Remark 1.1 (Monte Carlo) While the rate 1/^n is “slow”, it is the very reason why Monte Carlo ap- proximation methods are used to approximate integrals of the form← f (x)p(x)dx for a given high- dimensional function f : Rd → R and density p . In fact, note that by the same arguments above, if we assume to have access to i.i. d. samples X1 , . . . , Xn from the density p, then the Monte Carlo estimate f (Xi ) yields
╱E ┌ │ f (Xi ) - ( f (x)p(x)dx│p ┐\1/p < .
In this context, the Monte Carlo estimate is a good one as the rate 1/′n is independent of the dimension d . Note that deterministic “grid” methods to approximate the integral would give a dimension- dependent rate 1/n1/d, which is strictly worse than the Monte Carlo rate for d 2 3 and yields the so- called curse of dimensionality: to have precision ε one would need the number of samples n to be of the order (1/ε)d , which scales exponentially with d . Using Monte Carlo, one only needs (1/ε)2 samples . In fact, there is active research on developing “quasi-Monte Carlo” methods to get rates close to the “fast” rate 1/n .
1.2 Bayes Decision Rules (Question type: A)
Consider the setting of Section 1.2 in the Lectures Notes. Show that the following different choices of loss functions yield the corresponding Bayes decision rule.
1. In regression, the choice φ(yˆ, y) = (yˆ - y)2 leads to a** (x) = E[Y lX = x].
Hint: Prove that E φ(a** (X), Y) < E φ(a(X), Y) for any a e 8 by considering E[(a** (X) - a(X) + a(X) - Y)2].

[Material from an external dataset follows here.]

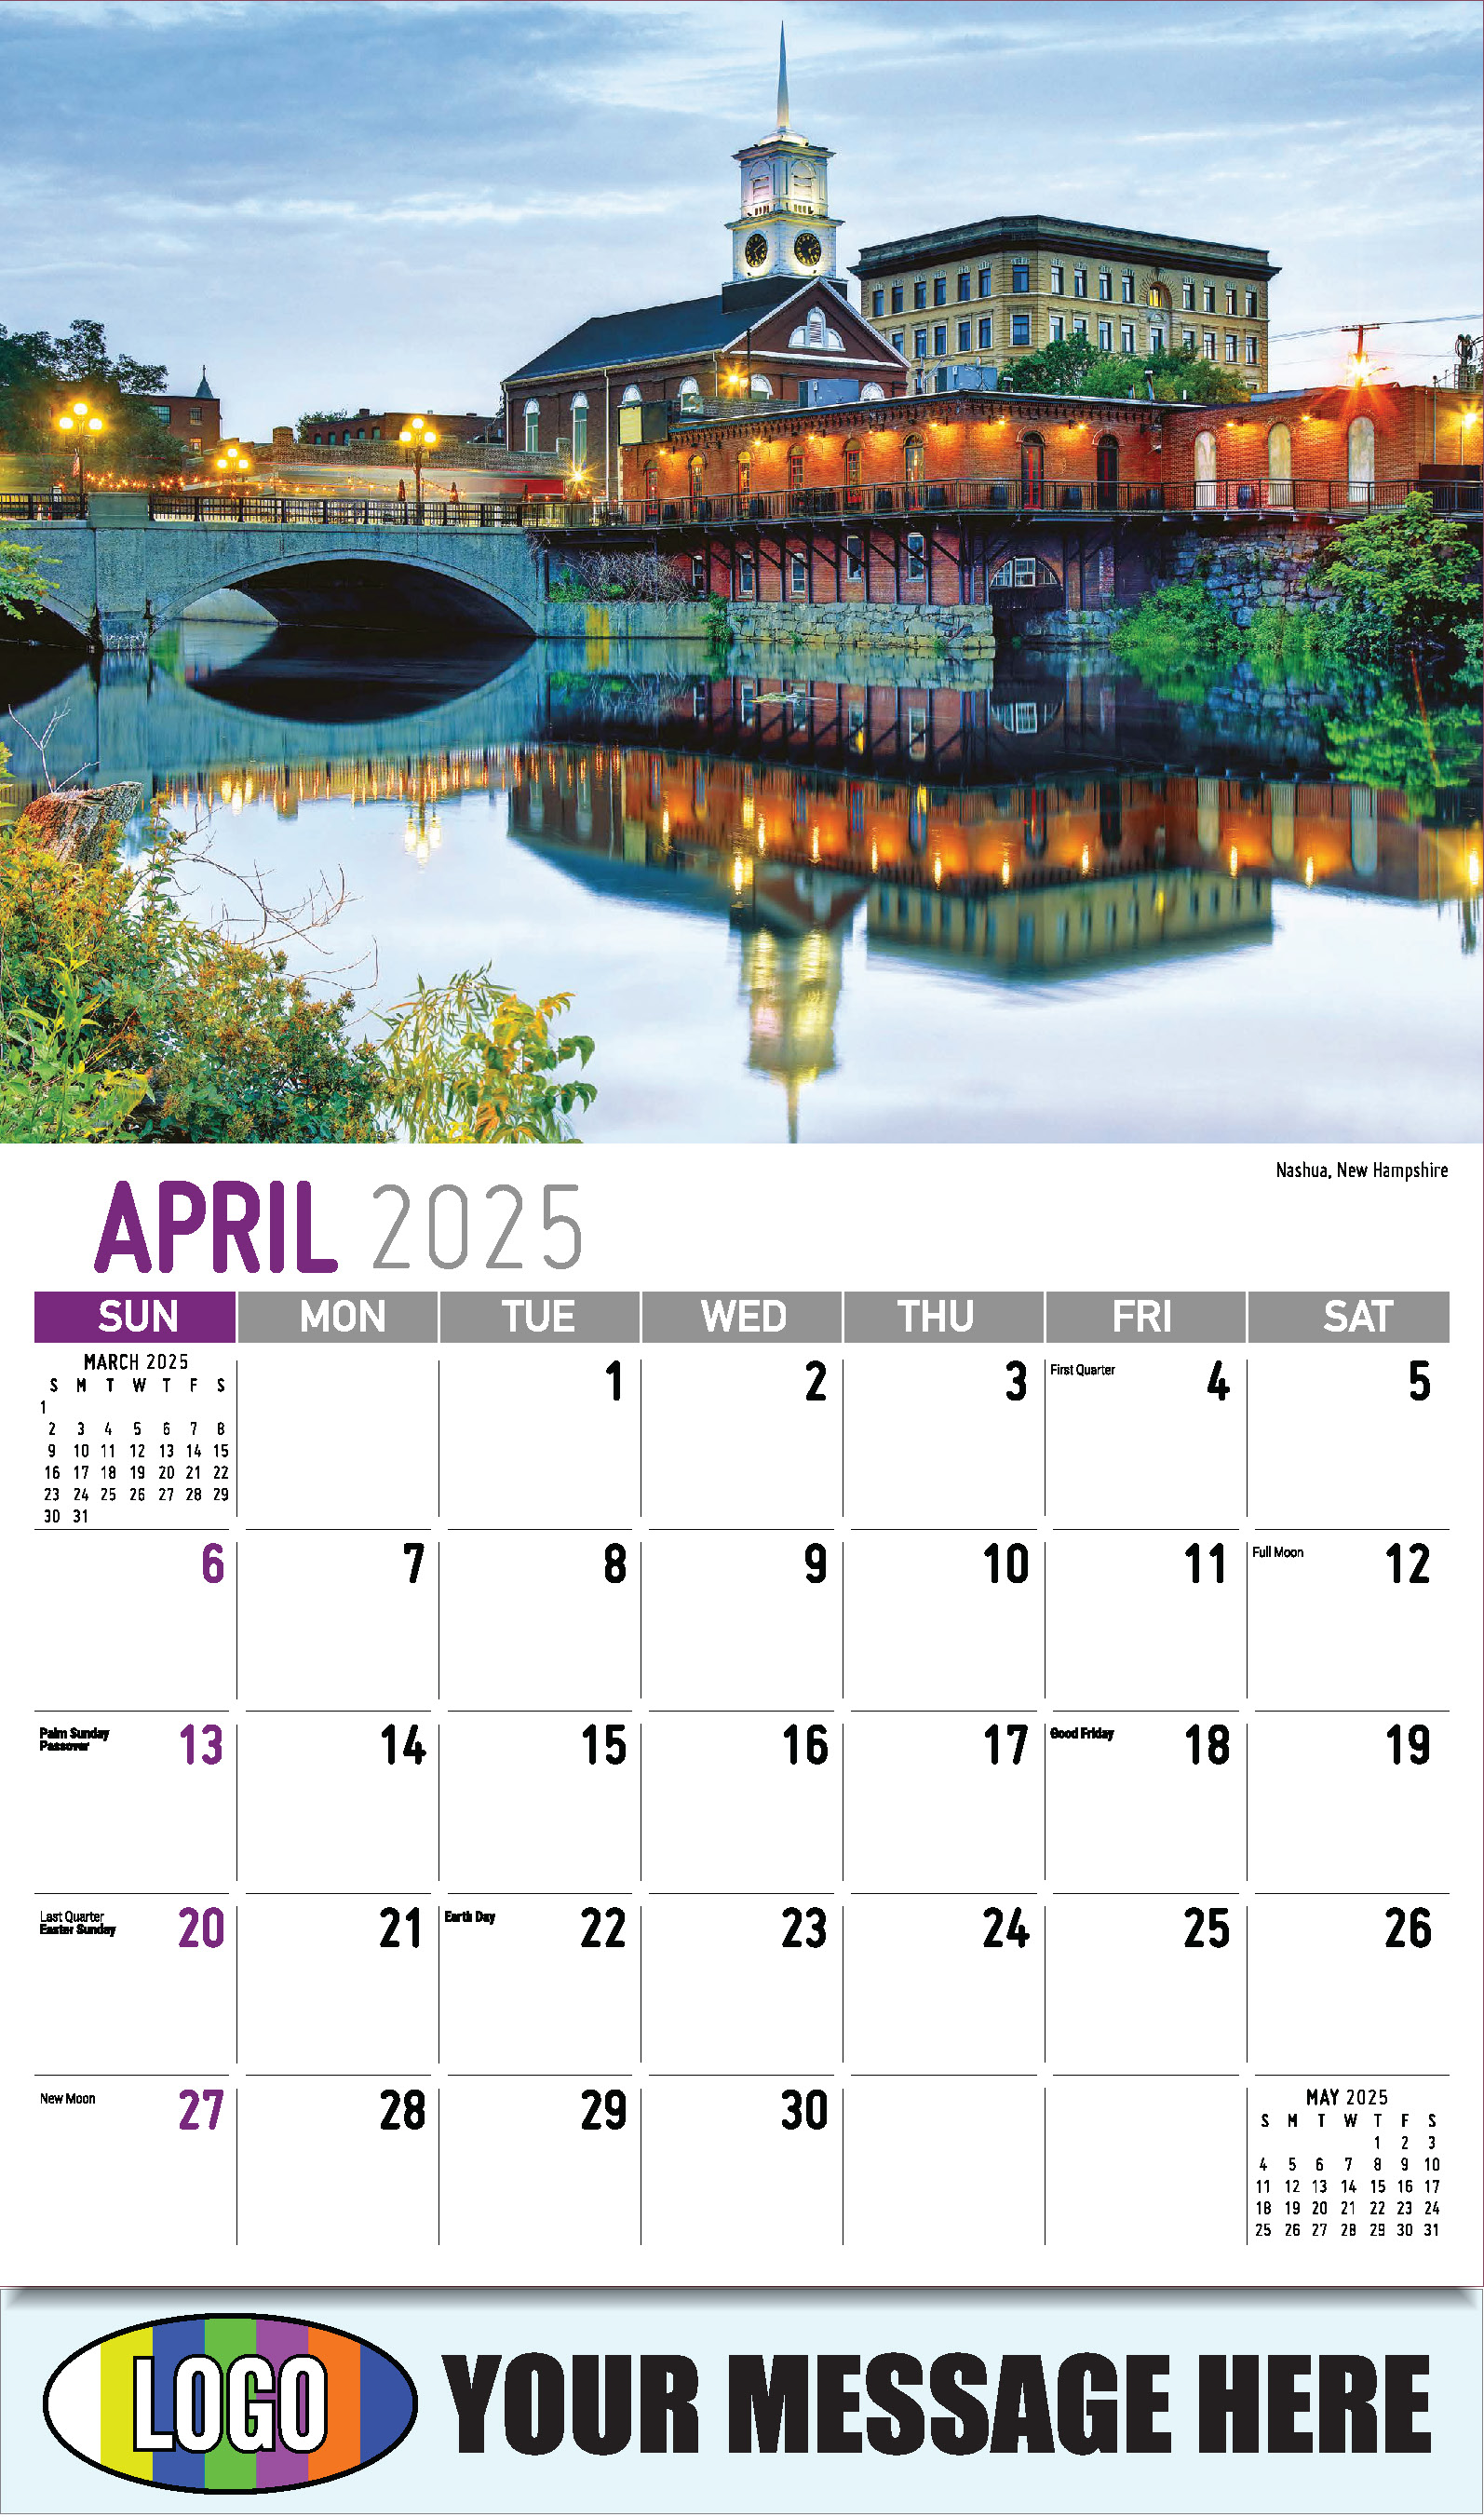 Scenes of New England 2025 Business Advertising Wall Calendar - April

2. In classification, the choice φ(yˆ, y) = 1-ˆ- leads to a** (x) = argmax-ˆey P(Y = yˆlX = x).
1.3 Statements in Probability (Question type: B)
Let P(X < ε1 ) 2 1 - δ 1 and P(Y < ε2 ) 2 1 - δ2 . Show that P(X + Y < ε1 + ε2 ) 2 1 - (δ1 + δ2 ).
1.4 Excess Risk, Prediction Error and Estimation Error with the Square Loss (Question type: B)
Consider a supervised learning setting where X = (X1 , . . . , Xd ) e Rd is a d-dimensional feature vector and Y e R is its response. For any non-random predictor a : Rd → R, consider the expected risk:
r(a) = E[(a(X) - Y)2].
1. Let a** e argmin r(a). Show that the excess risk r(a) - r(a** ) can be written as
r(a) - r(a** ) = E[(a(X) - a** (X))2] .
尸 J 尸 J
excess risk prediction error
2. For any (possibly random) predictor A : Rd → R, prove the following bias-variance decomposition:
E尸 r(A) - r(a**)J = E )╱ E[A(X)lX] - a** (X)、2] + E Var尸[A(X)lX]J .
尸 J
expected squared bias
Henceforth, consider the class of linear predictors given by A = {a : a(x) = (x, wa ) for some wa e Rd }, where (x, wa ) = xT wa denotes the inner product between x and wa . Assume Y = a** (X) + ξ, where a** (X) = (X, wa大大 ) and ξ is an independent random variable with mean 0.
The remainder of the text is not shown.